- What is expected
What you return should match the data word for word, minus the images.
══ Exercise data
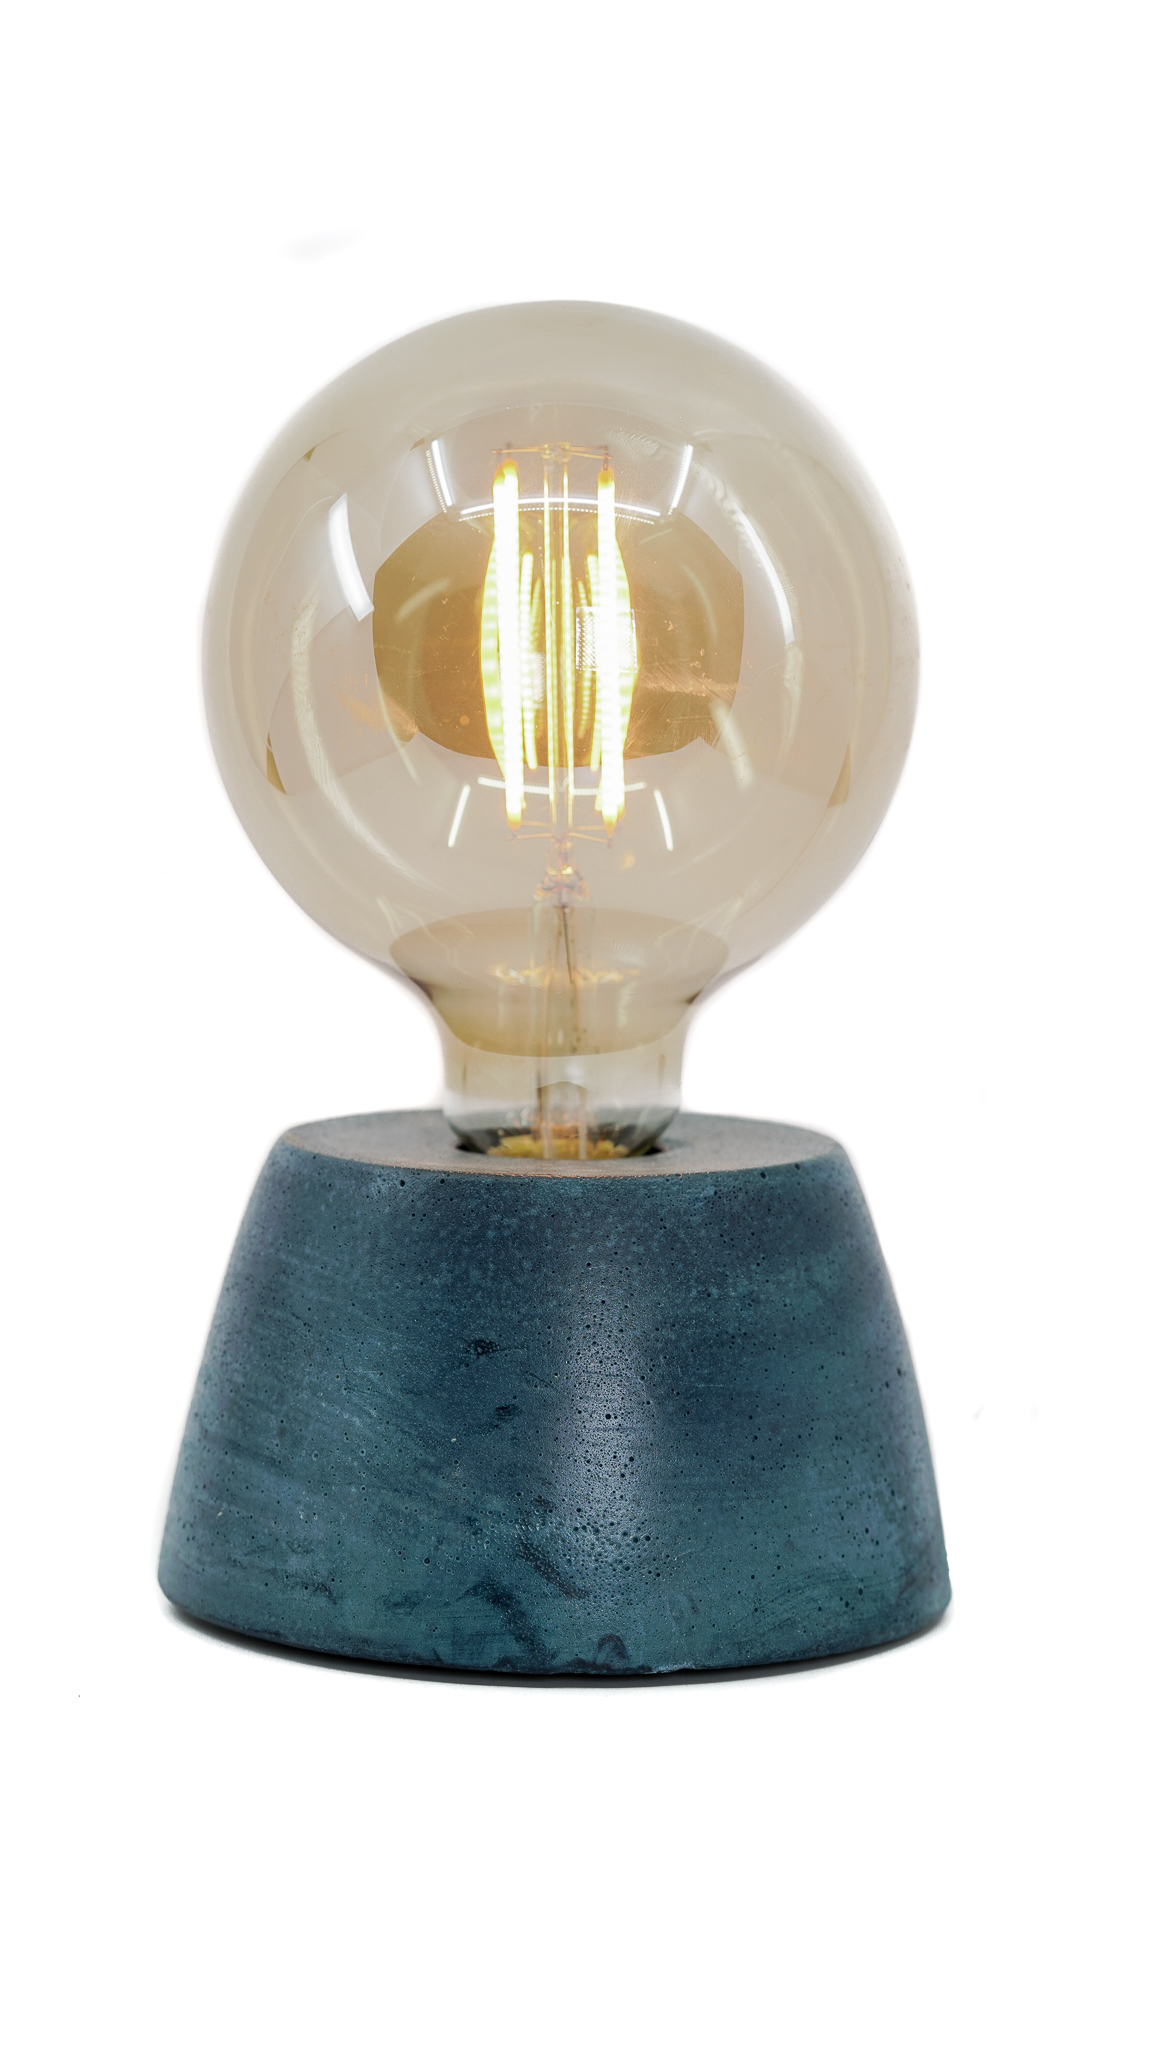 Lampe dôme en béton bleu pétrole fabrication artisanale
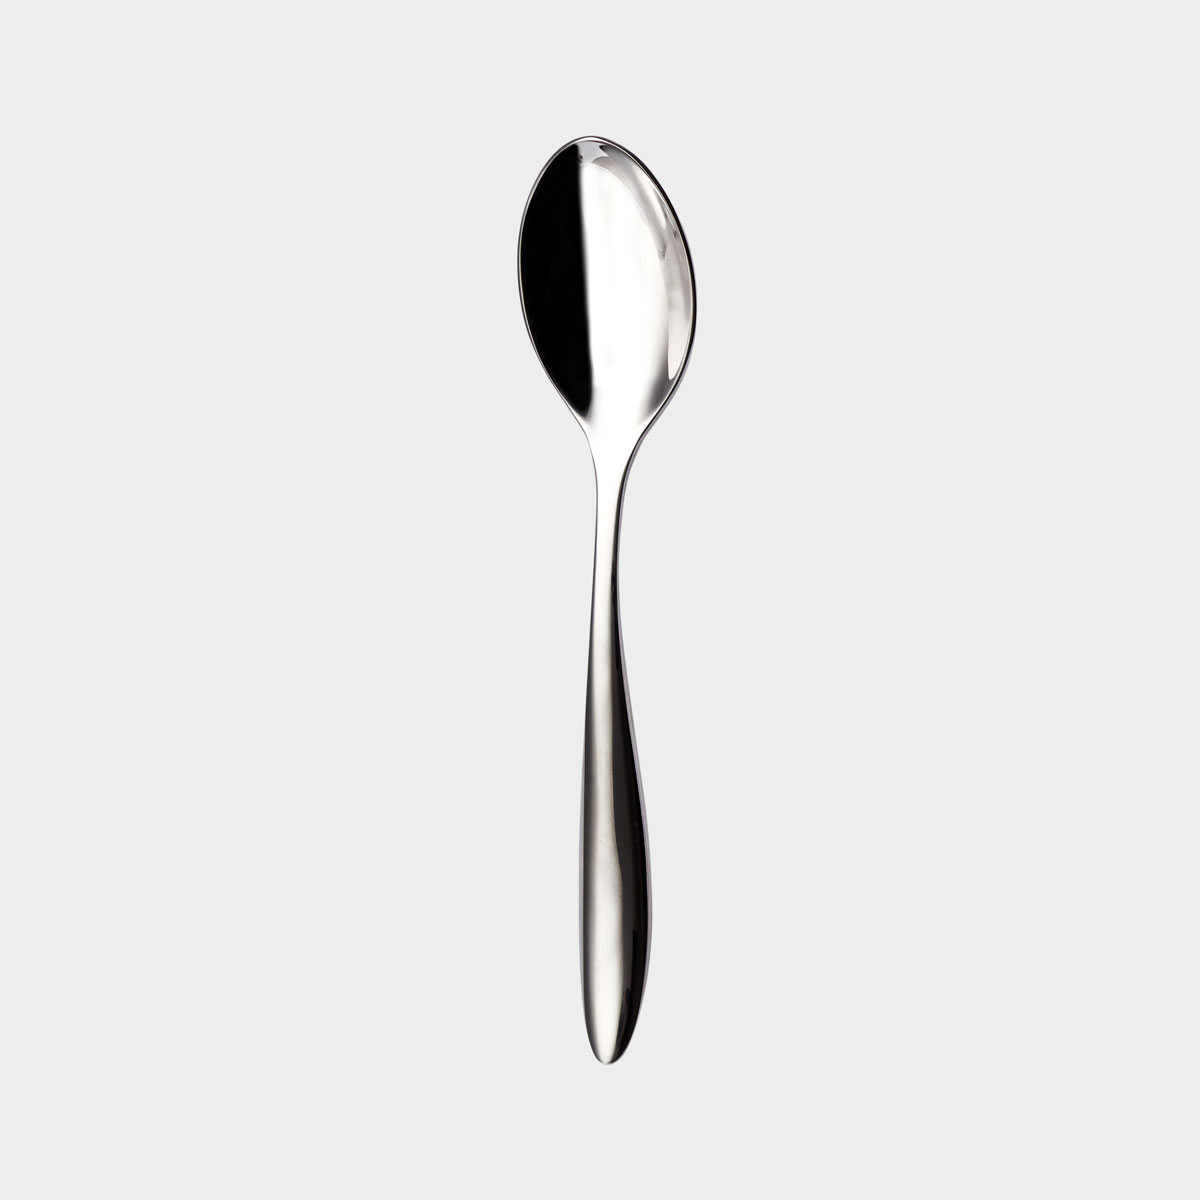 Lykke tea spoon product image
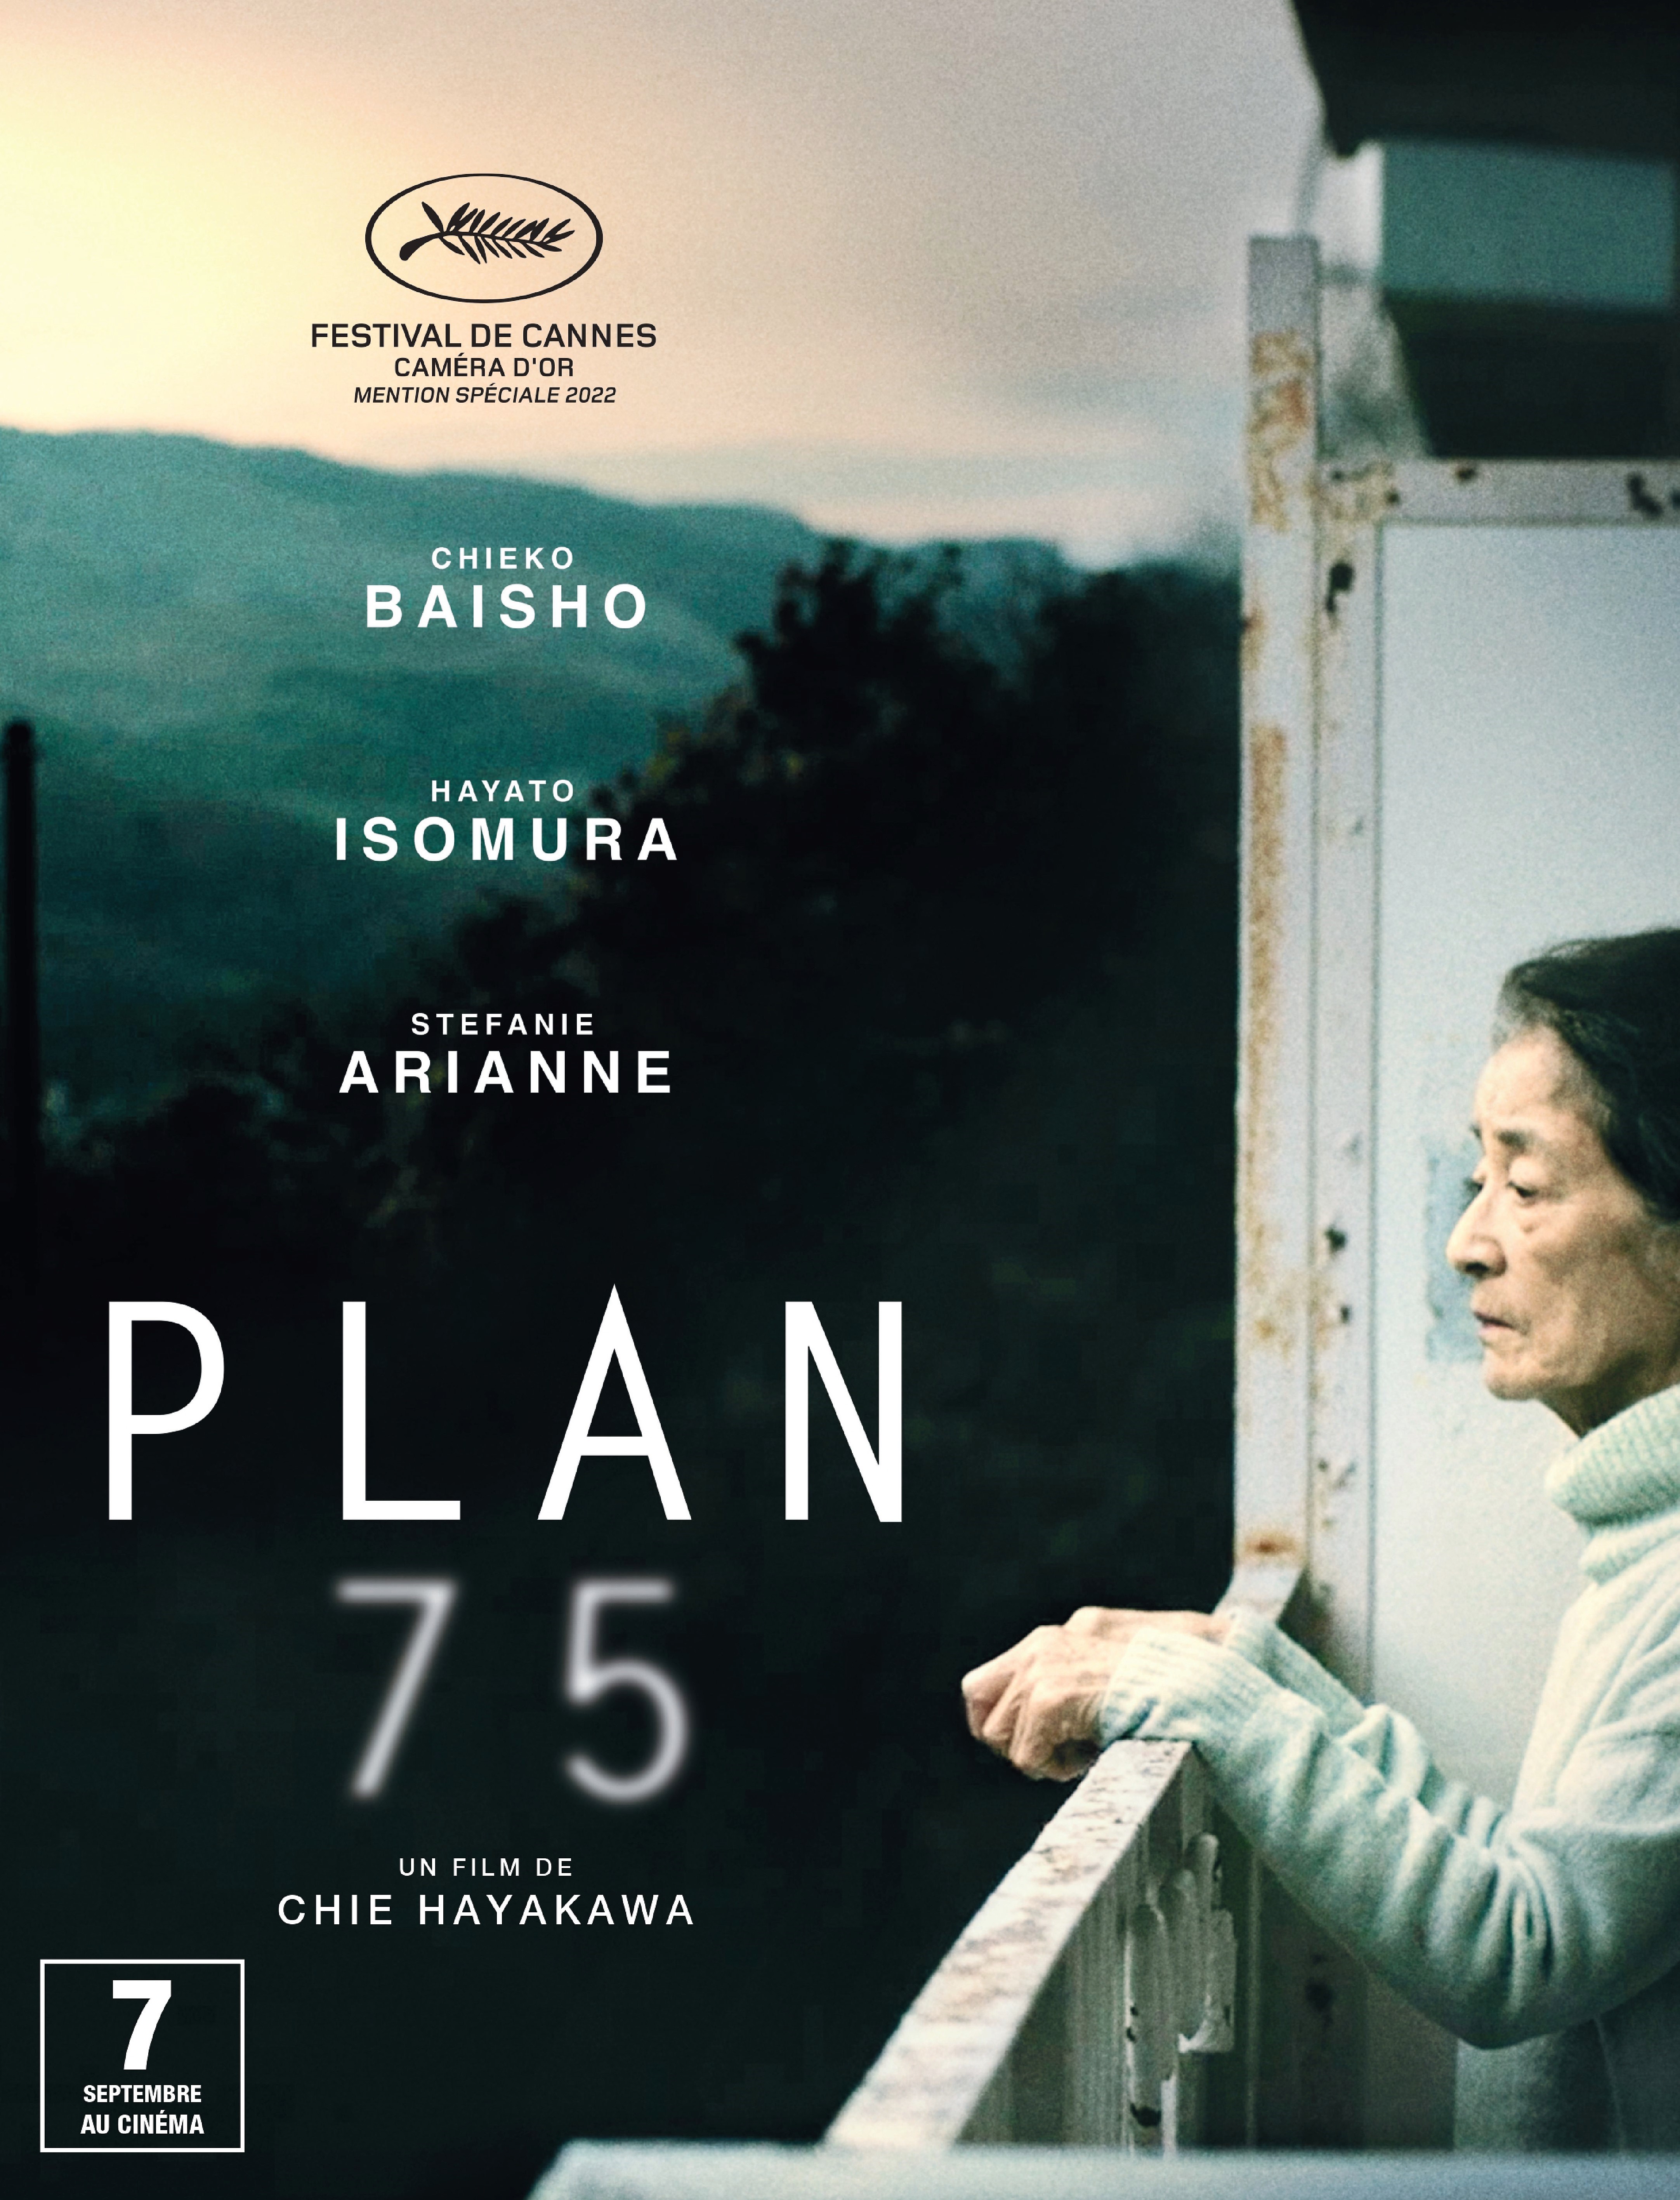 Prix du Jury des Jeunes 2023: "Plan 75", de Chie Hayakawa
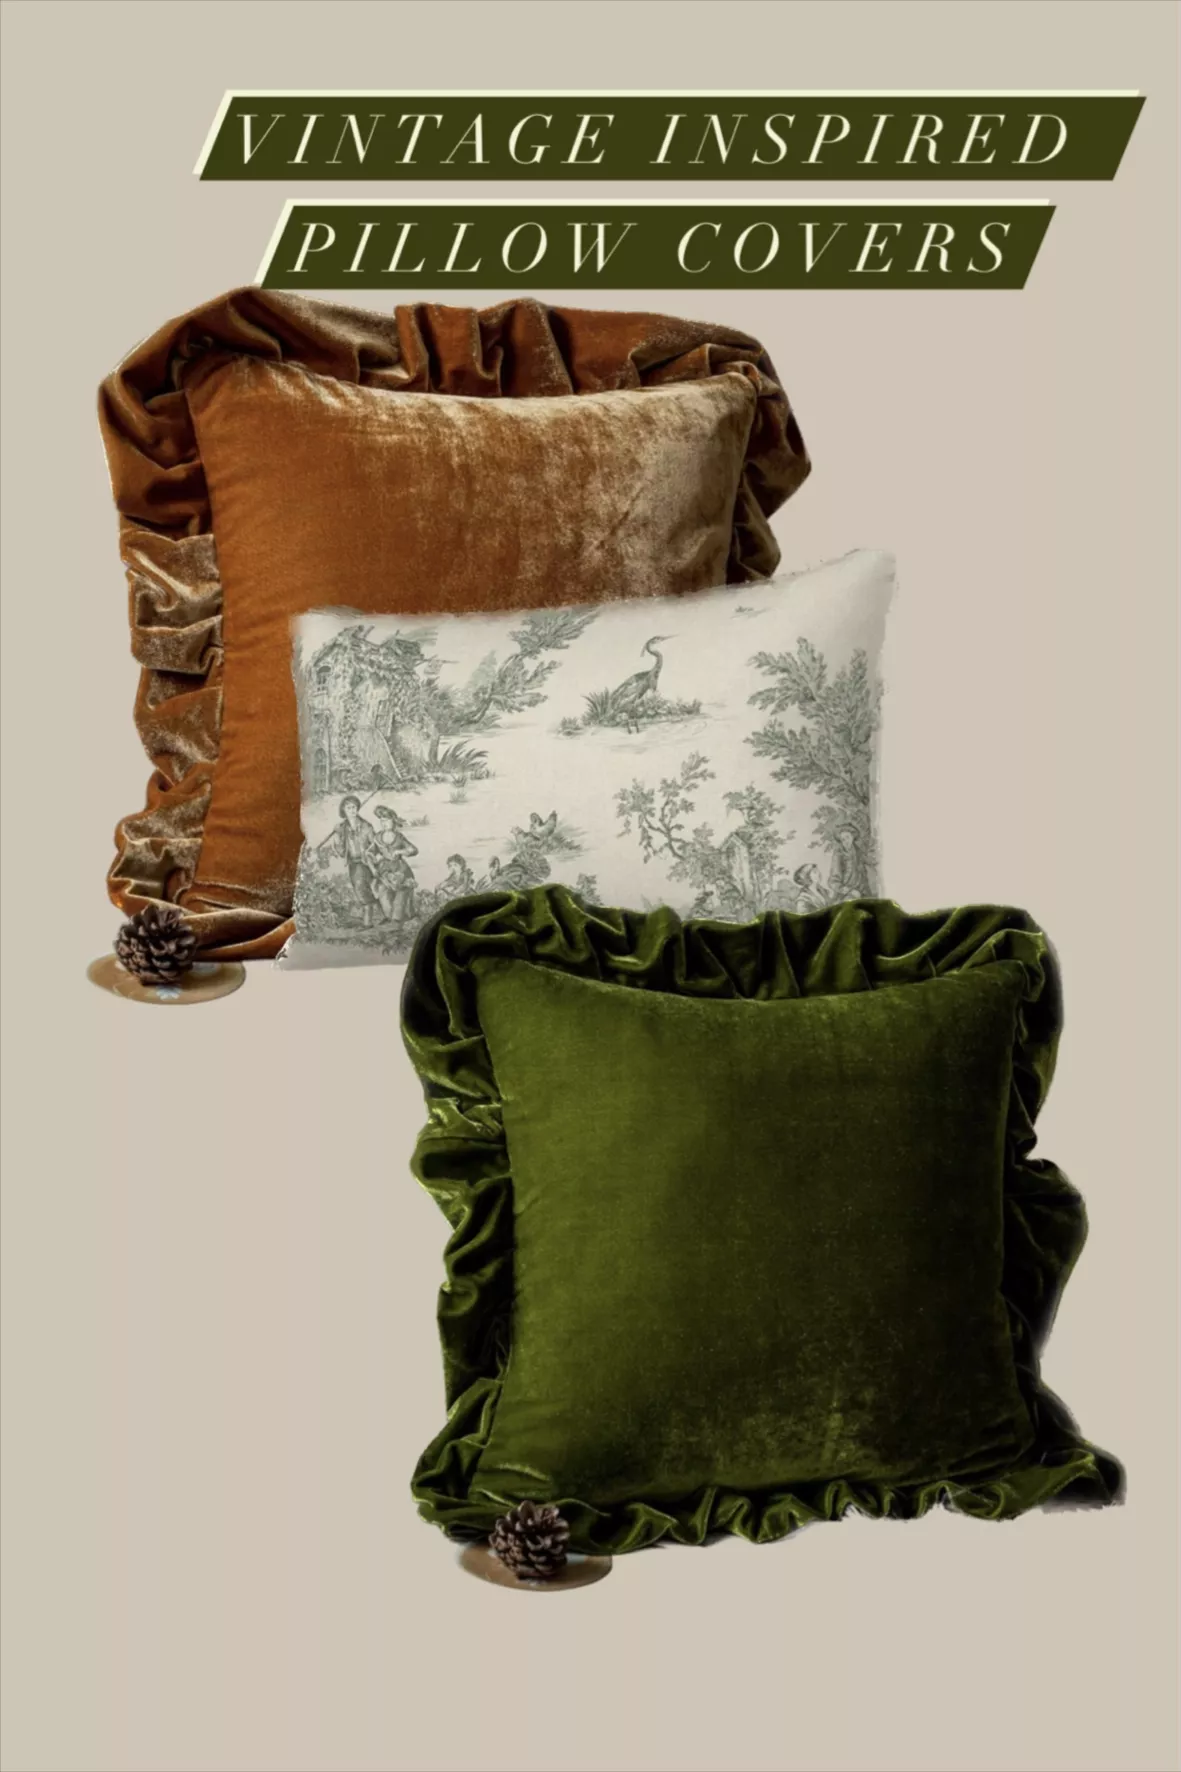  GLORY SEASON Velvet Throw Pillow Cover Soft Decorative
════
- Output
 Lampe dôme en béton bleu pétrole fabrication artisanale
 Lykke tea spoon product image
 Prix du Jury des Jeunes 2023: "Plan 75", de Chie Hayakawa
  GLORY SEASON Velvet Throw Pillow Cover Soft Decorative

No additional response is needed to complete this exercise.